Het zijn grote zoogdieren, die in het water leven. De lamantijnen zijn plateneters (herbivoren), die de meeste tijd besteden aan het grazen in ondiep wateren. De lamantijnen kunnen tussen de 2,5 tot 4,5 m lang worden en 200 tot 600 kg zwaar. De lamantijn moet ten minste elke 20 minuten een keer boven komen om adem te halen en leeft in zowel zoet als zout water.
Lamantijn ook wel Zeekoe genoemd komt voor in de riviermonden en de kust. Een paar jaar geleden werd een aantal zeekoeien (watrakaw, waterkoe in het Surinaams) gevangen in het kustgebied en weer uitgezet in het Corantijnkanaal bij Nickerie. Daar werd het dier uit gezet het doel daarvan was om overmatige groei van gras en waterhyacinten tegen te gaan. Een aantal Lamantijnen waren te slim en ontsnapte en zwommen terug waar meer ze meer water planten tot hun beschikking hadden.
Lamantijnen zijn aangepast aan het leven onder water. Hun lichaam is torpedovormig en hun voorpoten en staart zijn omgevormd tot vinnen. Het skelet van de voorpoten bevat vijf vingers en de voorpoten hebben zelfs vingernagels. De achterpoten zijn verdwenen. Ze hebben geen oorschelpen en ze kunnen hun neusgaten afsluiten.

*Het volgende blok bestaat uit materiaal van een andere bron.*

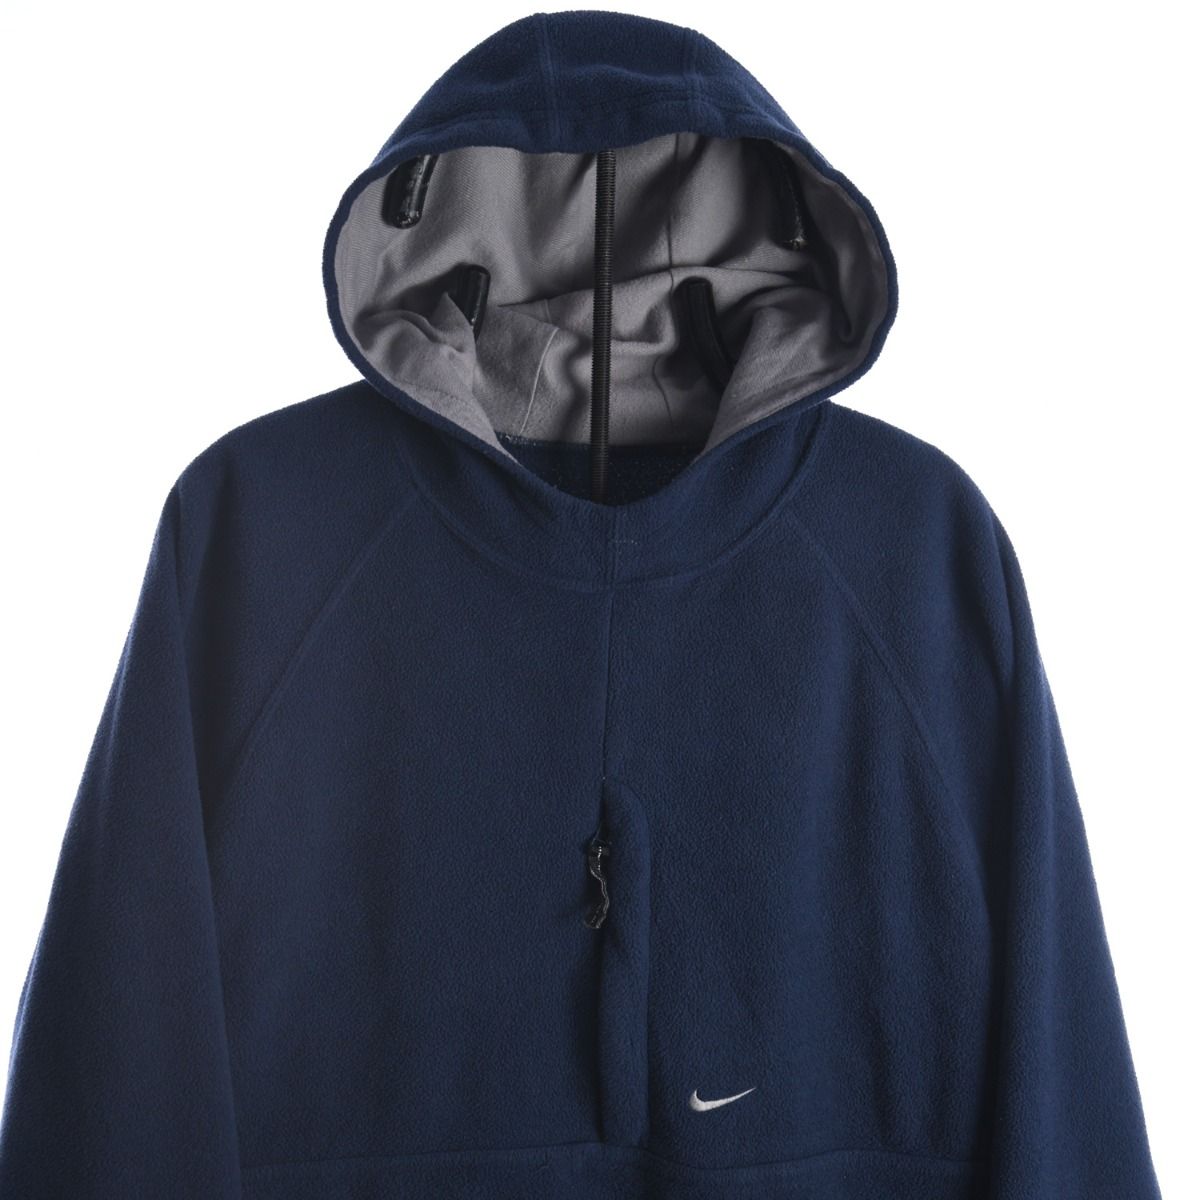 Nike Early 2000s Fleece Navy Blue Hoodie

De tandwisseling is horizontaal. De lamantijn heeft opgezwollen, beweeglijke lippen voor het aftrekken van het zeegras en hoornplaten op het harde gehemelte en in de onderkaak voor het kauwen van hun voedsel. De mannetjes hebben in de bovenkaak twee korte, niet-functionele stoottanden.

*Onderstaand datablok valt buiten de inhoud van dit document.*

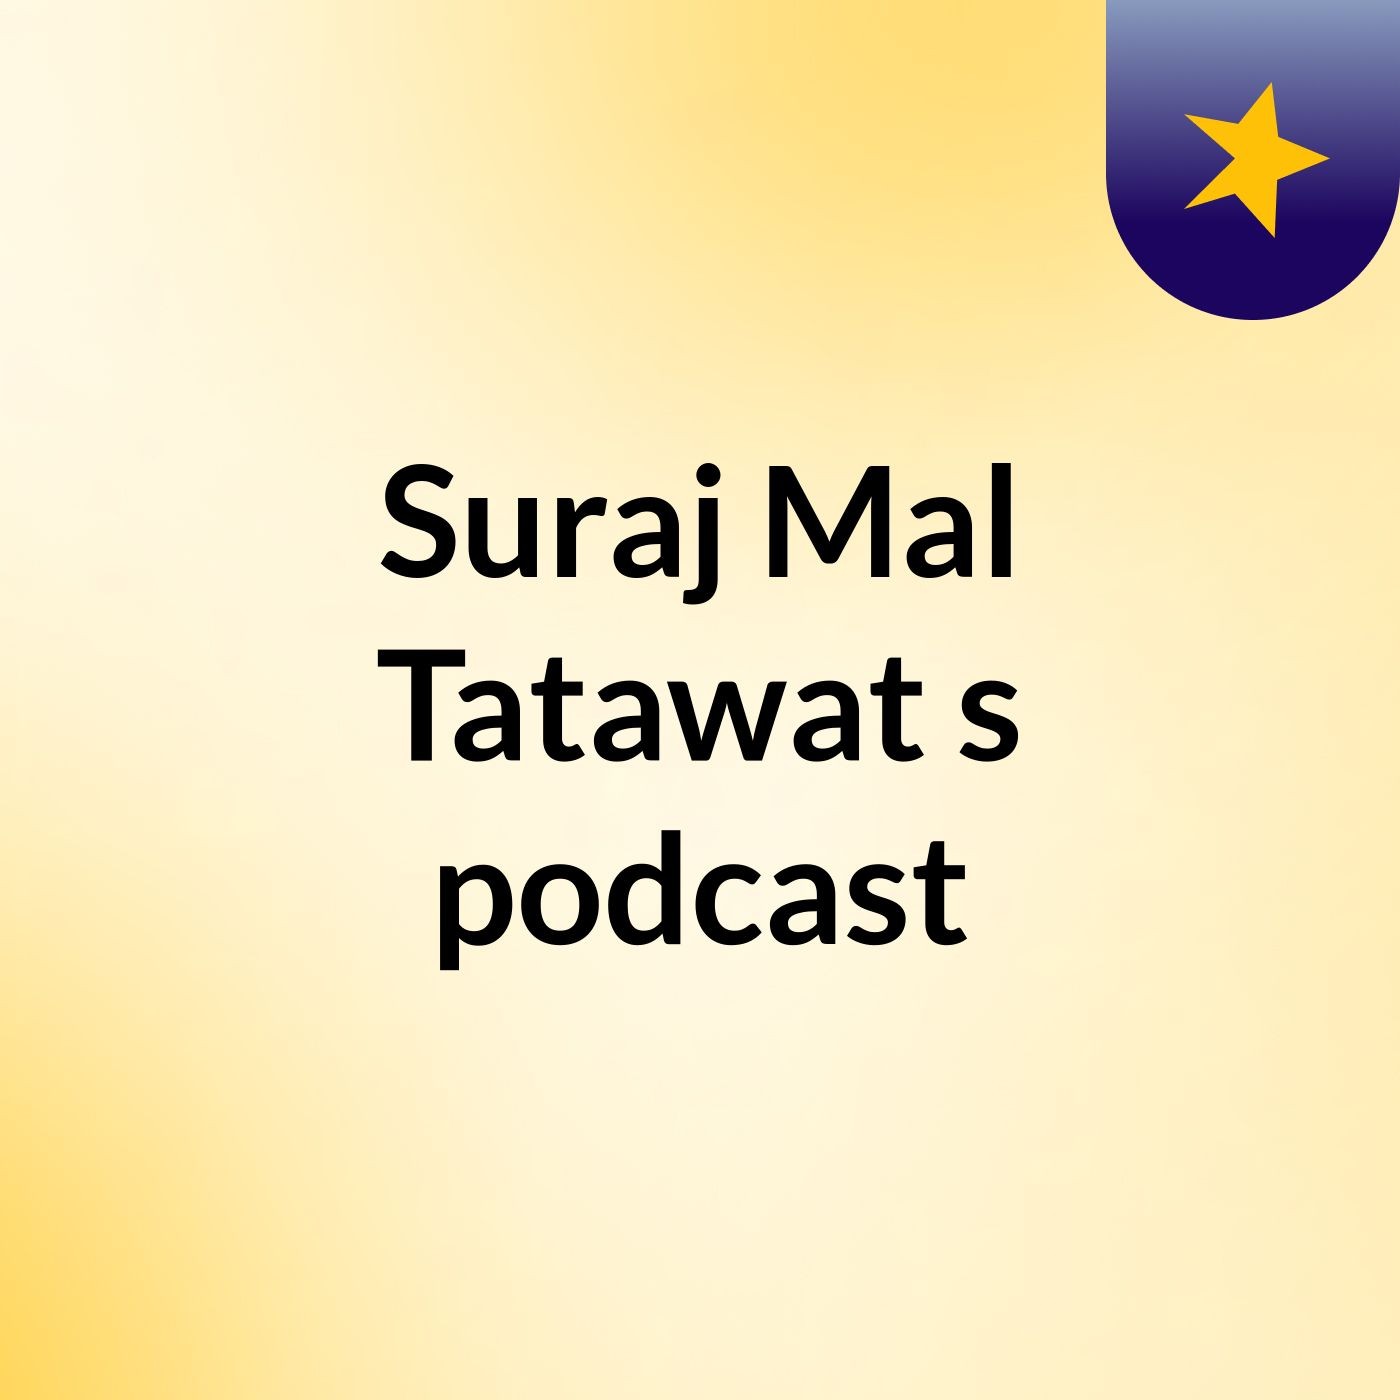 Episode 3 - Suraj Mal Tatawat's podcast

De draagtijd van een lamantijn is ongeveer één jaar en een vrouwtje brengt per keer één jong ter wereld. De geboorte vindt onder water plaats. Afhankelijk van de soort duurt het ongeveer vijf jaar voordat de lamantijn geslachtsrijp is. Bij geboorte weegt de lamantijn jong 10 tot 15 kg wn is dan 0,9 m lang.